It was shocking, outrageous and insulting and I loved every minute of it – a satirical masterpiece – that was how a Broadway critic rated the play by The Producers, and I couldn’t put it better if I tried.
Political correctness went out of the window when Mel Brooks and Thomas Meehan got together on the script, first for a film, and then a multi-award-winning musical brimming with Jewish humour at its sharpest and aimed straight at the heart of Hitler.
Have you ever seen a racing pigeon give a Nazi salute with its wing?

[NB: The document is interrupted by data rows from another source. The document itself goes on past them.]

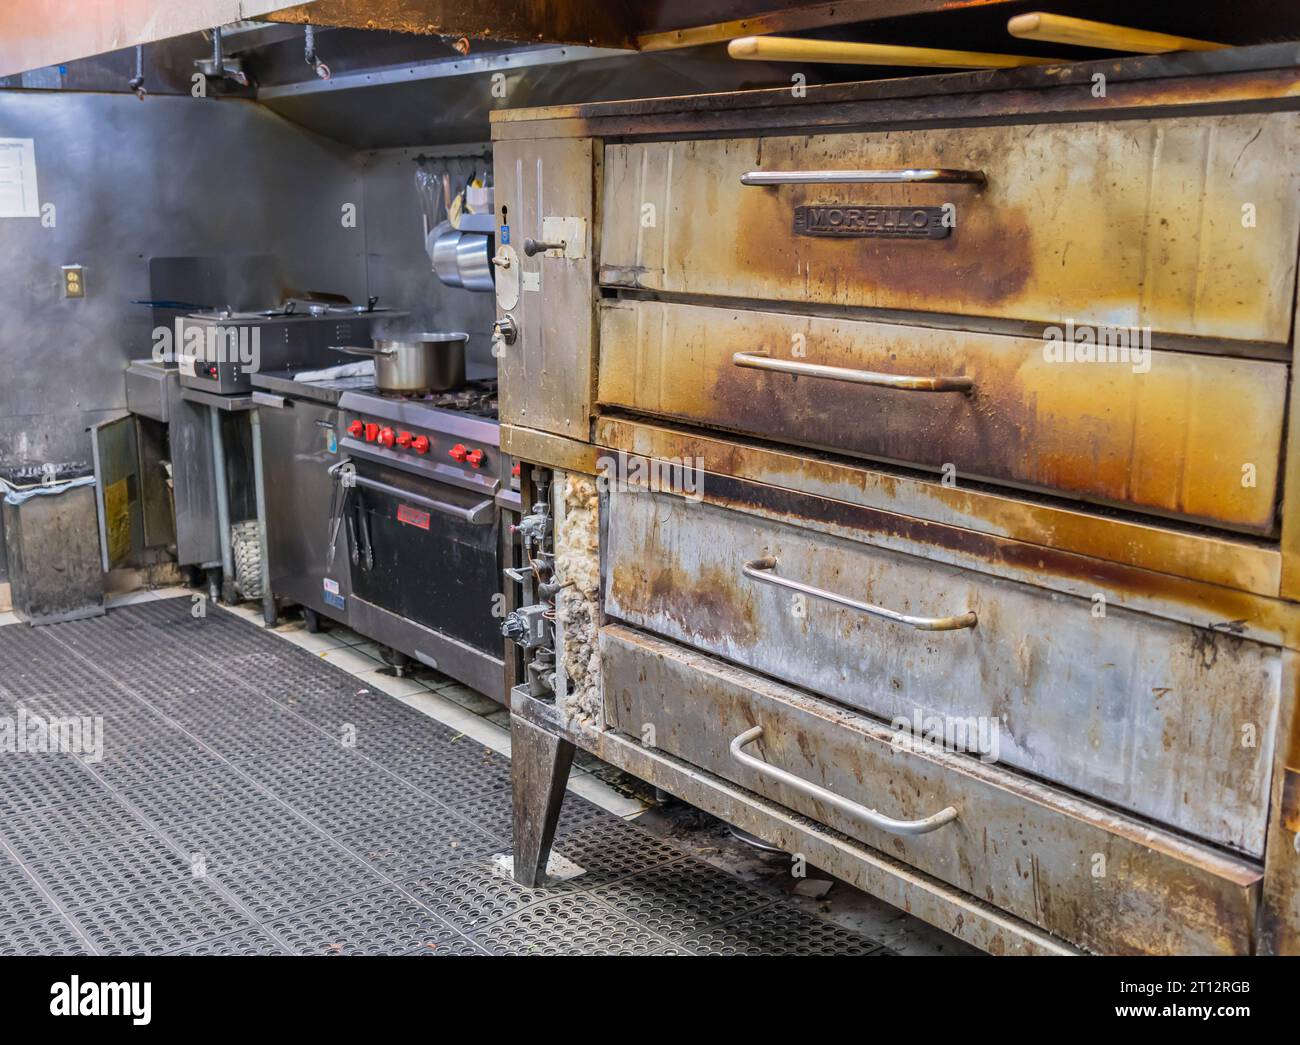 Pizza ovens, a stove and deep fryer in a pizza shop in Monroeville, Pennsylvania, USA Stock Photo
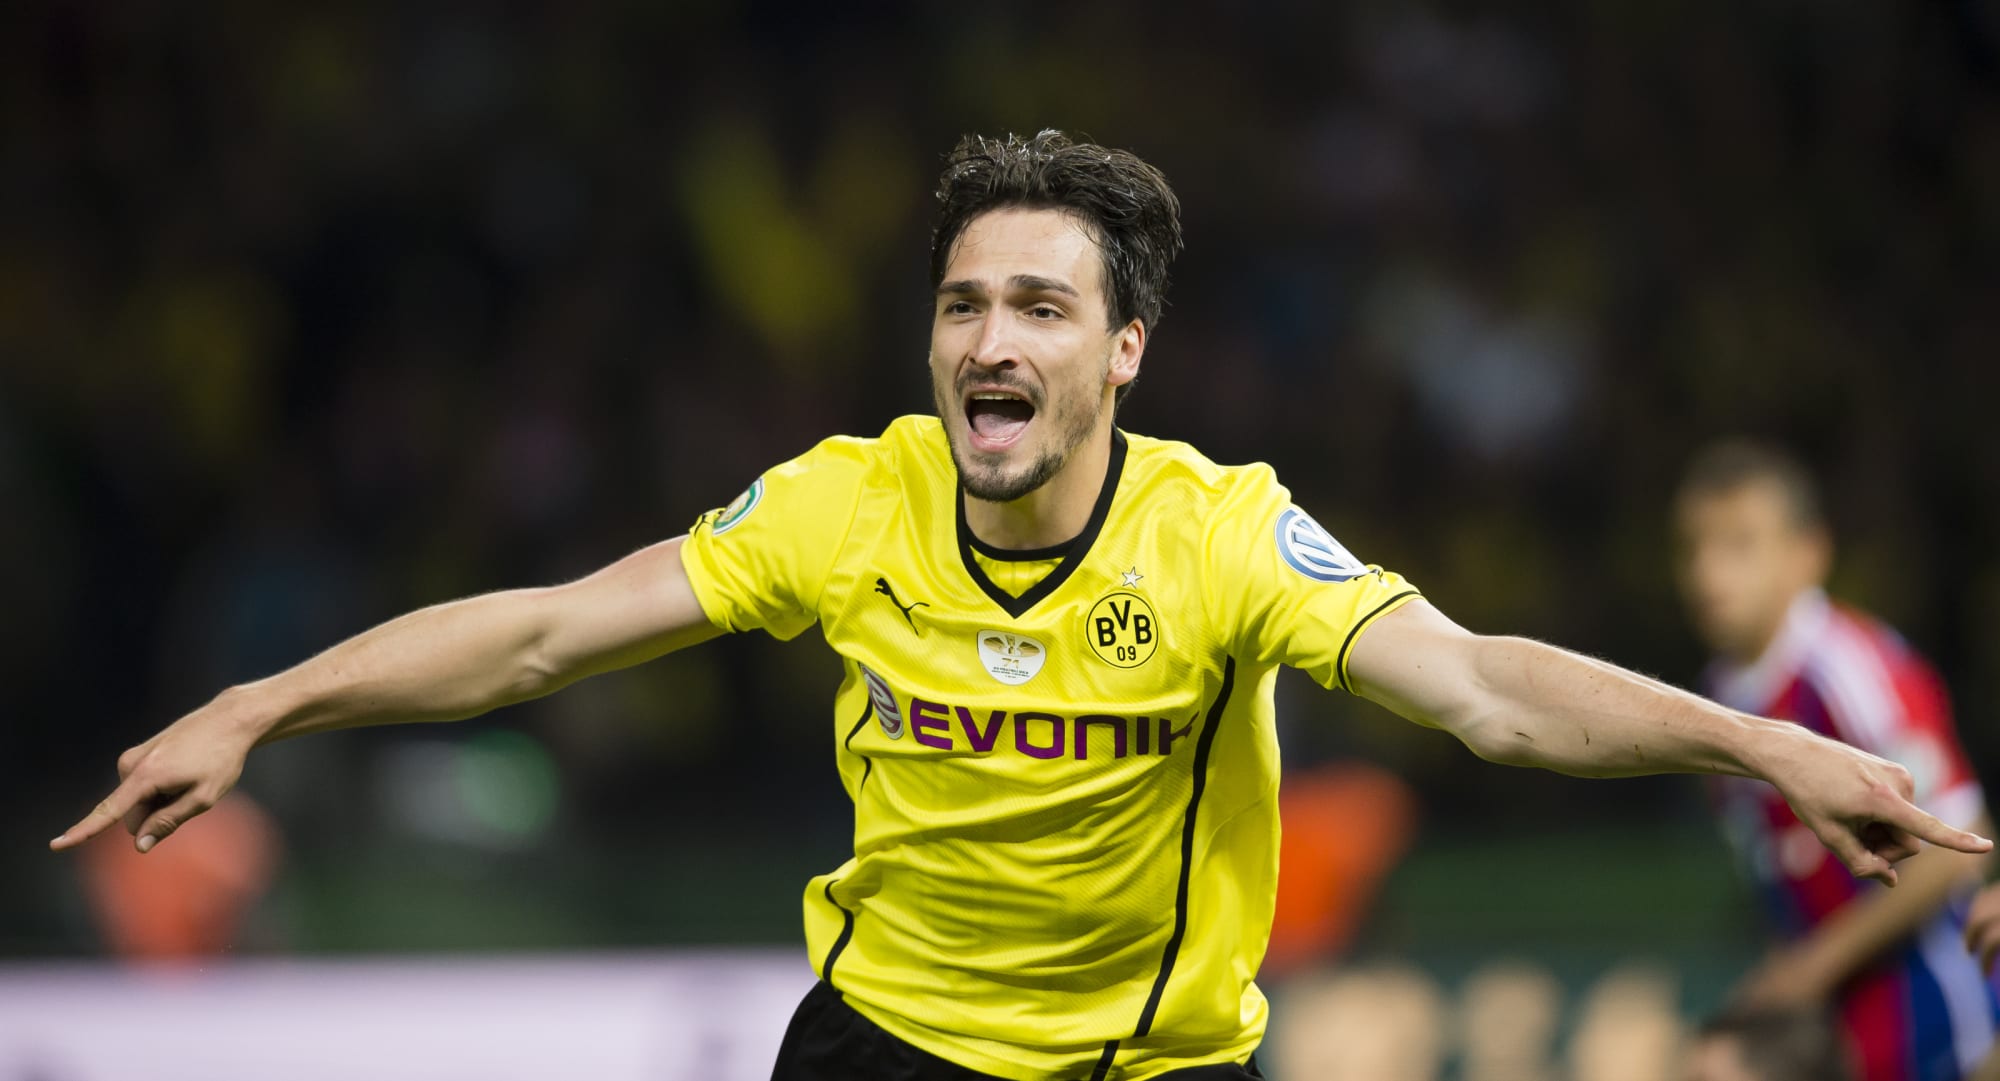 Winners and losers from Mats Hummels' transfer to Borussia Dortmund
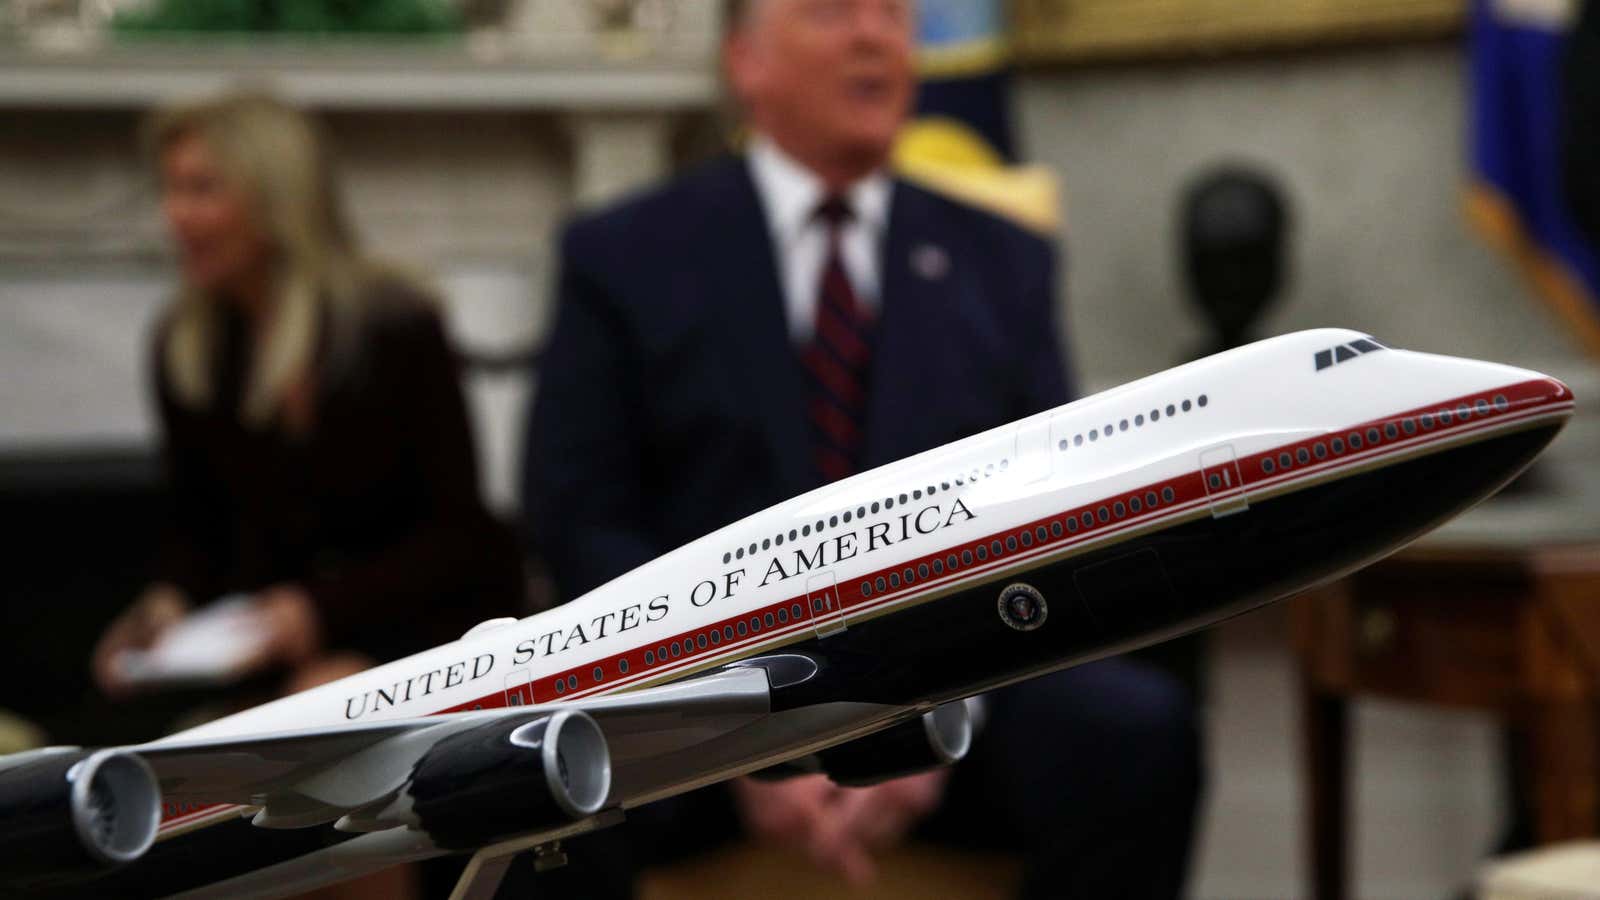 Trump Air Force One Paint Job Could Overheat Plane - Gizmodo
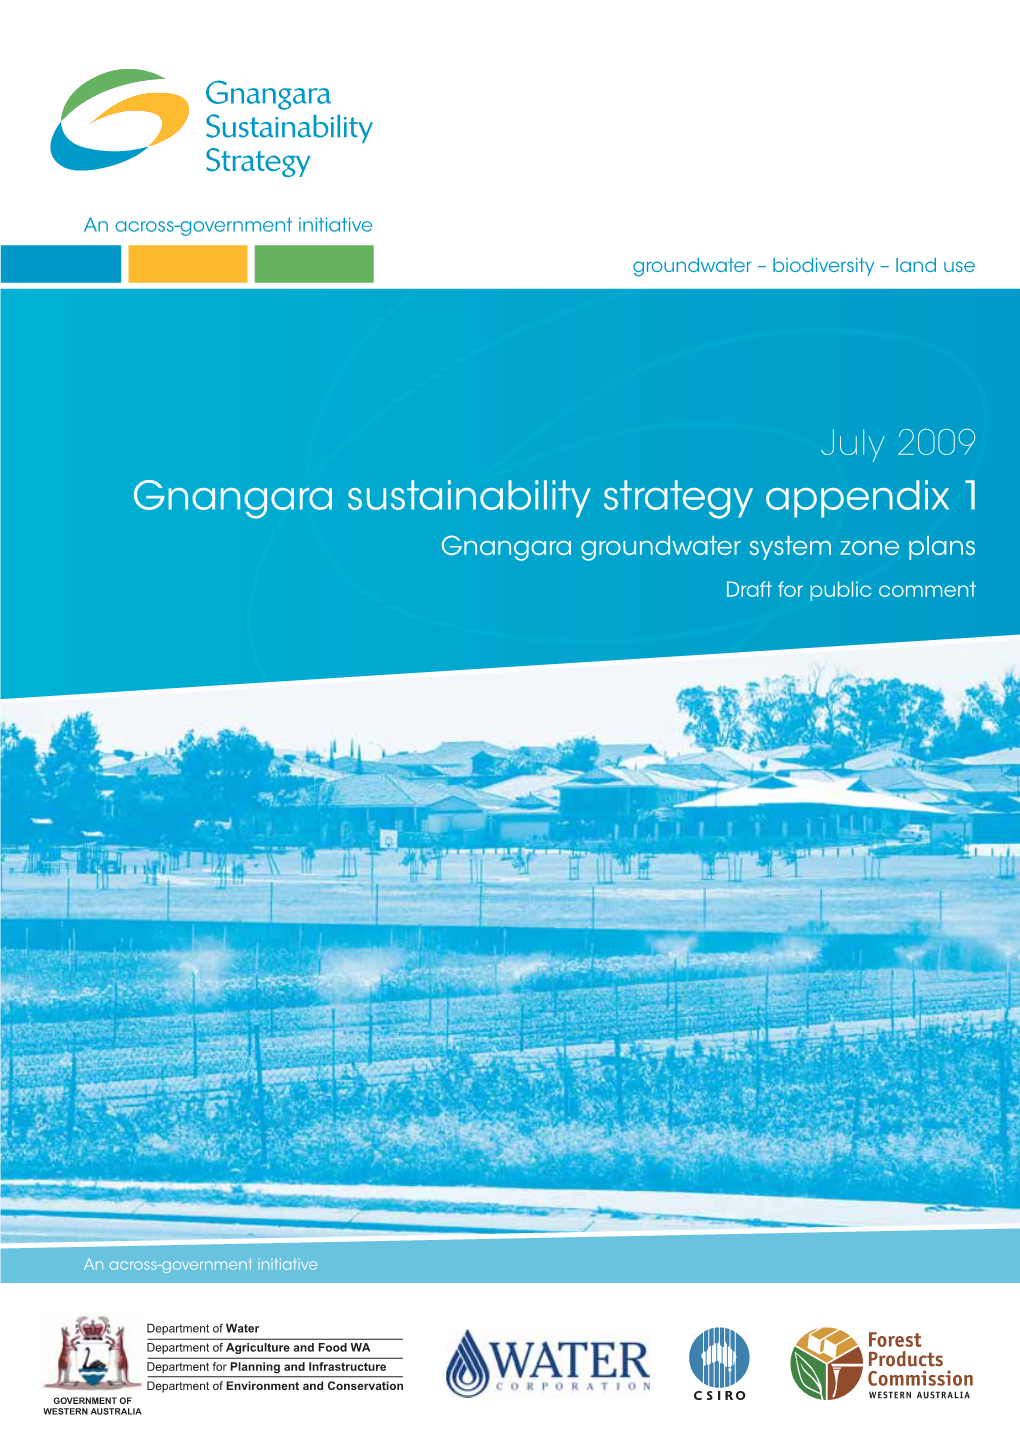 Gnangara Sustainability Strategy Appendix 1 Gnangara Groundwater System Zone Plans Draft for Public Comment

Well, you will if you watch carefully in this outstandingly funny production by the London-based actors of the Tower Theatre Company.
This is an amateur production, but it’s one of the slickest stage shows you’ll see on this side of the Atlantic, and given the full blast of Mel Brooks’ controversial, offensive and tasteless wit it deservedly wins a standing ovation.
Director David Taylor ensures the staging is sparkling and spectacular and fit for Broadway, the costumes are fabulous and funny and the tap-dancing and choreography by Jane Saunders fills the stage along with sound by musical director Colin Guthrie and his Band.
The entire cast are the stars of the show, headed by the larger-than-life Philip Halpin as Max, (who ad-libs that he doesn’t only run a theatre in the round, but on a cliff too), Daniel Bogod as Leo, his neurotic but lovable accountant, the gorgeous Marilyn Monroe lookalike, Katie Waller as Ulla, the nutty Lee Thompson as Franz, the delectable Edward Walsh as Roger, the simpering Angus Jacobs as Carmen and lustful pensioner Alison Liney as Hold-Me-Touch-Me, plus a multi-talented chorus.
For anyone who hasn’t got the picture by now, a plot to produce “a sure-fire flop” is hatched by showman Max and the previously innocent accountant Leo, using a fistful of dollars invested by some very naughty grannies, who back him on their backs.
The duo reckon they can run away with a fortune if the show closes after the first-night, so they seek out the worst writer, a Nazi obsessive in helmet and lederhosen, and director, a transvestite dressed as the Chrysler building in New York.
The show, Springtime for Hitler, a gay romp, with swastikas flying, is an overnight sure-fire success, the critics love it, and the investors want their money back. The story goes from there until Max finds himself in a prison cell – with fetchingly striped black and white duvet and pillow.
Eventually a judge finds the defendants “incredibly guilty” but there’s no cause for concern – just don’t mention the war.